No you did not relapse, you did not internally do it plus you did not O right? Also what exactly do you feel guilty about? Congrats on day 100 i only made it to day 83 even if you did relapse you would lose some of your progress but not a whole lot but that's not an excuse to edge or do it because that was one of my thoughts when i was on day 83 i thought if i just do it once it wont affect my progress that much, well i was wrong.
I feel guilty about the fact that I may have edged and relapsed and ruined me reboot. I seriously feel horrible. I also feel like my voice got noticeably higher pitched than it was 2 days ago. I feel like crying. I seriously feel like giving up. And 83 days is really good, for me the 80ish mark was pretty tough, but it got a lot easier after 90 days. Also, @IGY, you're a knowledgeable fellow and I look up to you, what would be your outlook on my situation?

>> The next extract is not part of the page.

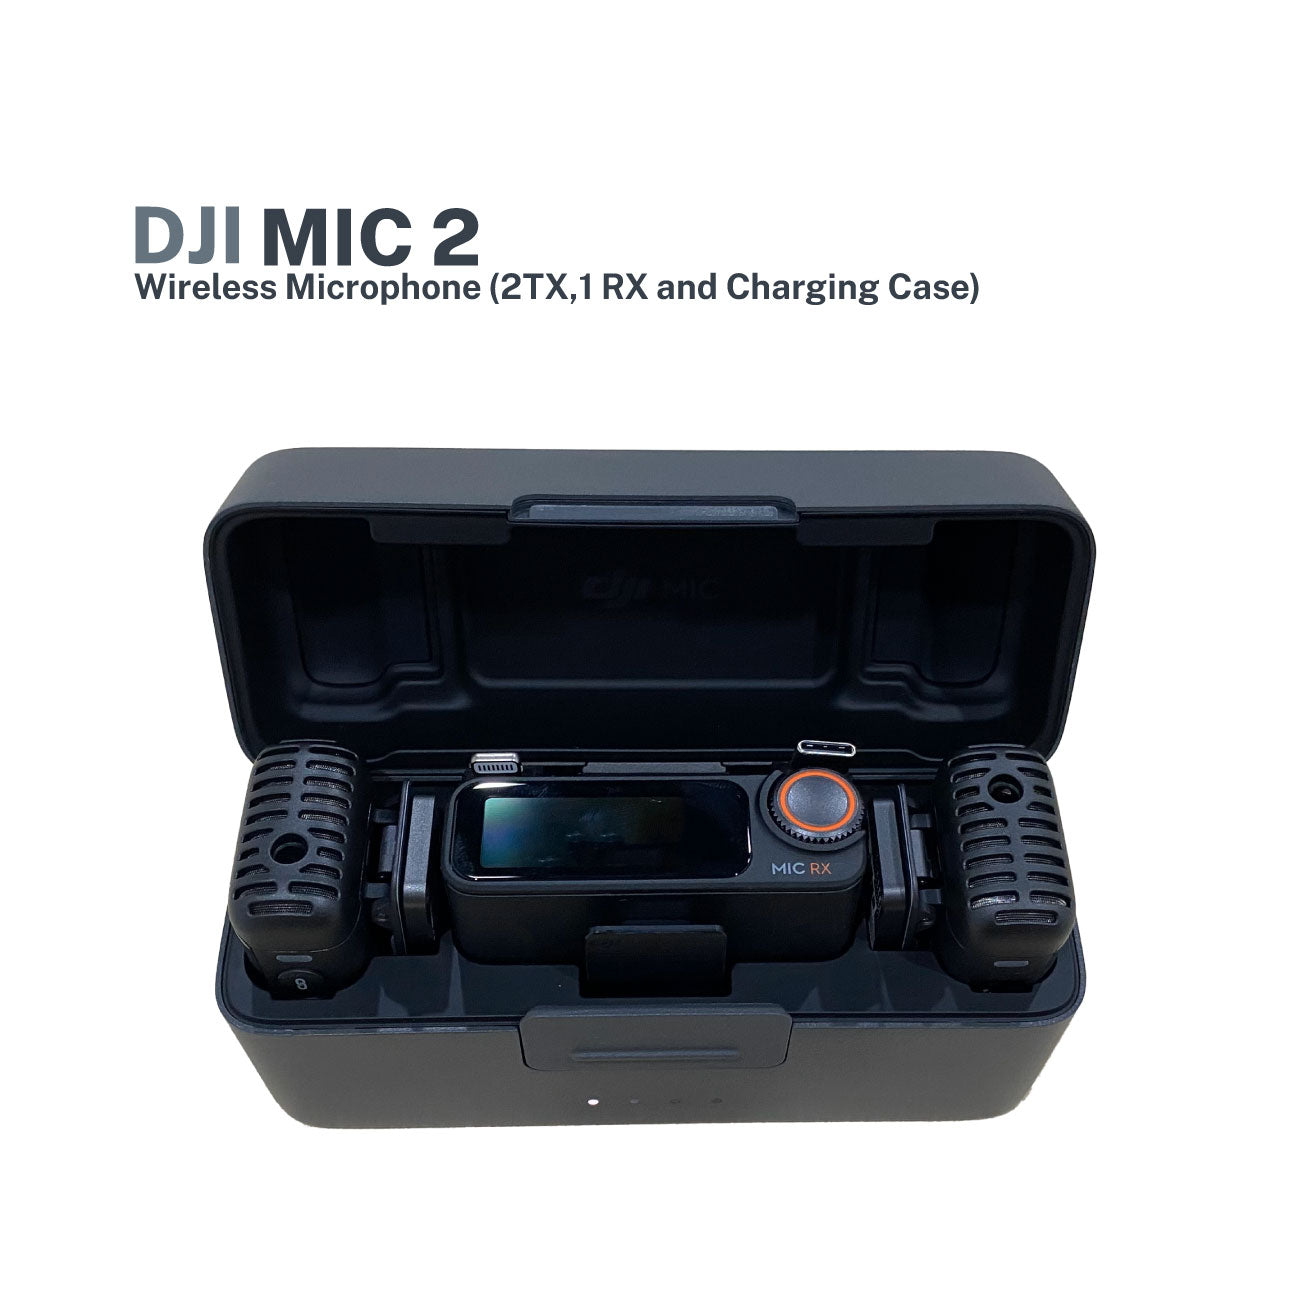 DJI Mic 2 (2TX+1RX+charging Case)

You really shouldn't feel guilty about it take it as a learning experience and just start over again that's what im doing i do feel upset about what I just did but I know what im feeling right now is not permanent and your always going to be able to get back up if you give it your all.
Well if you O then you relapsed if you didnt your fine.plus do you feel you lost the benefits if not then your fine you did not relapse.